I wrote a import file code like:

       data WORK.Test    ;

       %let _EFIERR_ = 0; /* set the ERROR detection macro variable */

      infile 'D:\Rajesh_sun\POCData\SrBachchan.csv' delimiter = ';' MISSOVER DSD lrecl=13106

firstobs=2 TERMSTR=CRLF;

          informat level $3. ;

          informat id $3. ;

          informat parent_id $3. ;

          informat object_id $20. ;

          informat object_type $6. ;

          informat query_status $15. ;

          informat query_time $28. ;

          informat query_type $23. ;

          informat created_at $32. ;

          informat user_screen_name $17. ;

          informat favorite_count $3. ;

          informat retweet_count $4. ;

          informat entities_hashtags___text $12. ;

          informat entities_user_mentions___name $43. ;

          informat entities_urls___display_url $2. ;

          informat in_reply_to_user_id $11. ;

         informat in_reply_to_screen_name $12. ;

         informat in_reply_to_status_id $2. ;

         informat text $142. ;

         format level $3. ;

         format id $3. ;

         format parent_id $3. ;

         format object_id $20. ;

         format object_type $6. ;

         format query_status $15. ;

         format query_time $28. ;

         format query_type $23. ;

         format created_at $32. ;

         format user_screen_name $17. ;

         format favorite_count $3. ;

         format retweet_count $4. ;

         format entities_hashtags___text $12. ;

         format entities_user_mentions___name $43. ;

         format entities_urls___display_url $2. ;

         format in_reply_to_user_id $11. ;

         format in_reply_to_screen_name $12. ;

         format in_reply_to_status_id $2. ;

         format text $142. ;

      input

                  level $

                  id $

                  parent_id $

                  object_id $

                  object_type $

                  query_status $

                  query_time $

                  query_type $

                  created_at $

                  user_screen_name $

                  favorite_count $

                  retweet_count $

                  entities_hashtags___text $

                  entities_user_mentions___name $

                  entities_urls___display_url $

                  in_reply_to_user_id $

                  in_reply_to_screen_name $

                  in_reply_to_status_id $

                  text $

      ;

      if _ERROR_ then call symputx('_EFIERR_',1);  /* set ERROR detection macro variable */

      run;


While I execute the code i am getting an error like

NOTE: A byte-order mark in the file "D:\Rajesh_sun\POCData\SrBachchan.csv" (for fileref

      "#LN00023") indicates that the data is encoded in "utf-8".  This encoding will be used to

      process the file.

NOTE: The infile 'D:\Rajesh_sun\POCData\SrBachchan.csv' is:

      Filename=D:\Rajesh_sun\POCData\SrBachchan.csv,

      RECFM=V,LRECL=52424,File Size (bytes)=3390532,

      Last Modified=17Oct2014:21:42:06,

      Create Time=17Oct2014:21:51:09

ERROR: Invalid string.

FATAL: Unrecoverable I/O error detected in the execution of the DATA step program.

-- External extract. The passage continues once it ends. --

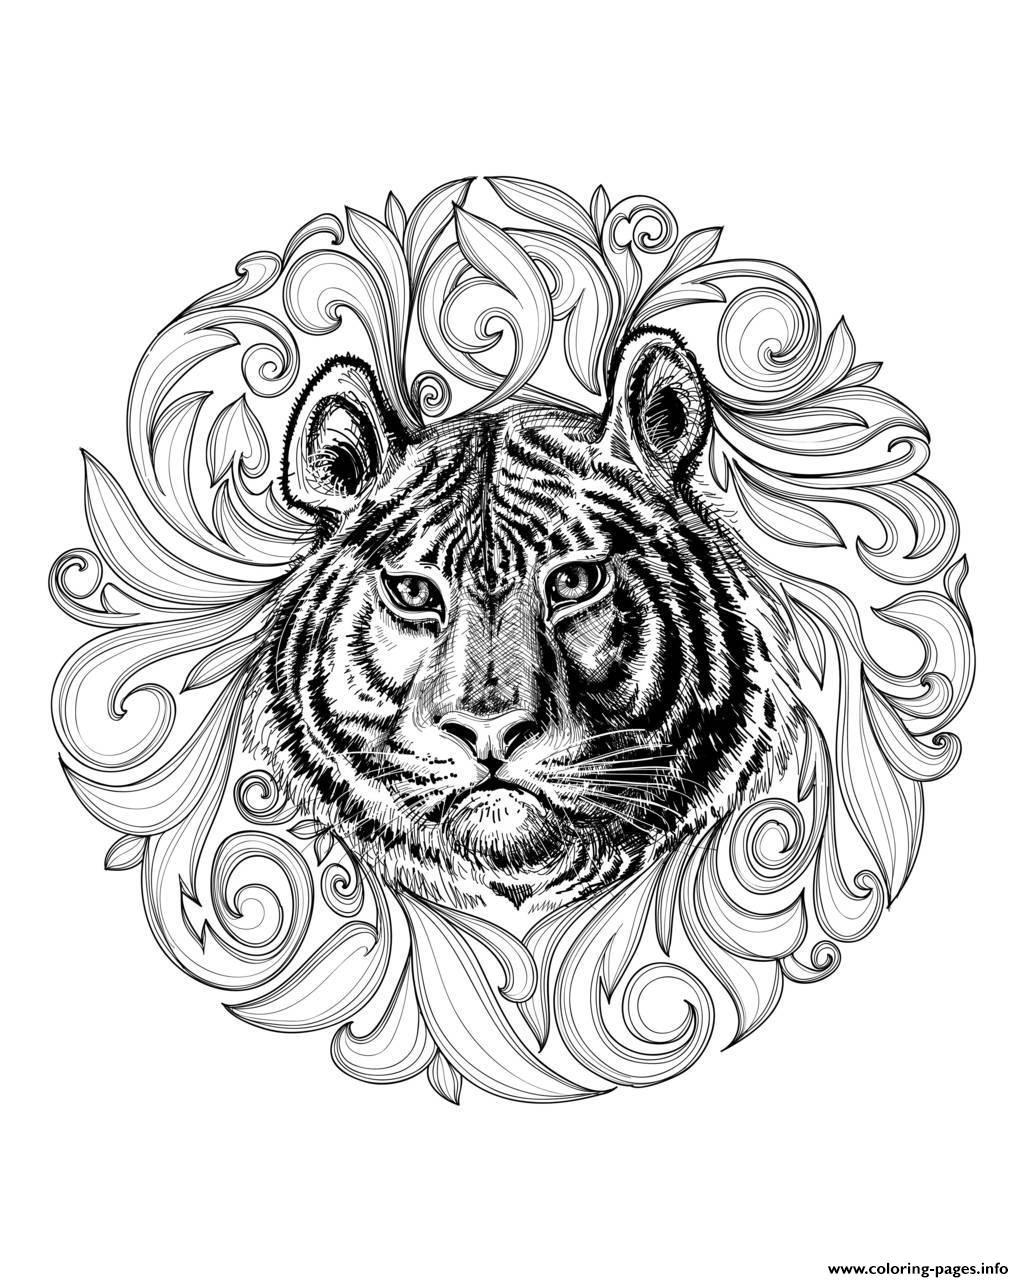 Adult africa tiger leaves framework coloring pages free printable

       Aborted during the EXECUTION phase.

NOTE: 9 records were read from the infile 'D:\Rajesh_sun\POCData\SrBachchan.csv'.

      The minimum record length was 72.

      The maximum record length was 364.

NOTE: The SAS System stopped processing this step because of errors.

WARNING: The data set WORK.TEST may be incomplete.  When this step was stopped there were 9

         observations and 19 variables.

WARNING: Data set WORK.TEST was not replaced because this step was stopped.

NOTE: DATA statement used (Total process time):

      real time           0.03 seconds

      cpu time            0.03 seconds

It have various types of Symbols. I attached a sample pics and file as well. Please help me to overcome this issue.

issue.png

29 REPLIES 29
Tom
Super User Tom
Super User

What version of SAS?  It works fine for me with SAS 9.4.

filename xxx zip 'C:\Downloads\SrBachchan.csv.zip' ;

data _null_ ;

  infile xxx('SrBachchan.csv') lrecl=30000 dsd dlm= ';' truncover;

  length x1-x20 $500;

  input x1-x20 ;

run;


NOTE: A total of 11829 records were read from the infile library XXX.

      The minimum record length was 0.

      The maximum record length was 590.

NOTE: 11829 records were read from the infile XXX('SrBachchan.csv').

      The minimum record length was 0.

      The maximum record length was 590.

Patrick
Opal | Level 21

That's an interesting one. If using the zip engine then things work as in Tom's code. If first extracting the file using 7-zip or WinZip then I'm getting the same error like the OP.

filename xxx 'C:\temp' ;

data _null_ ;

  infile xxx('SrBachchan.csv') lrecl=30000 obs=10;

  input;

run;

ERROR: Invalid string.

FATAL: Unrecoverable I/O error detected in the execution of the DATA step program.  Aborted during the EXECUTION phase.

The issue seems to appear for the first time at the end of line 10 in the source file and if I remove below string from source then I can read past of line 10. Not sure why though.

Capture.PNG

Having tested a bit further:

It appears that when using the zip engine SAS doesn't detect the BOM and reads the file using the session encoding (WLATIN1 in my case). In doing so things work.

When extracting the file first and then reading the .csv SAS detects the BOM and UFT-8 gets used; and that's where the issues occur.

Using Tom's code with the zip engine but setting the encoding to UTF-8 the code also throws an error.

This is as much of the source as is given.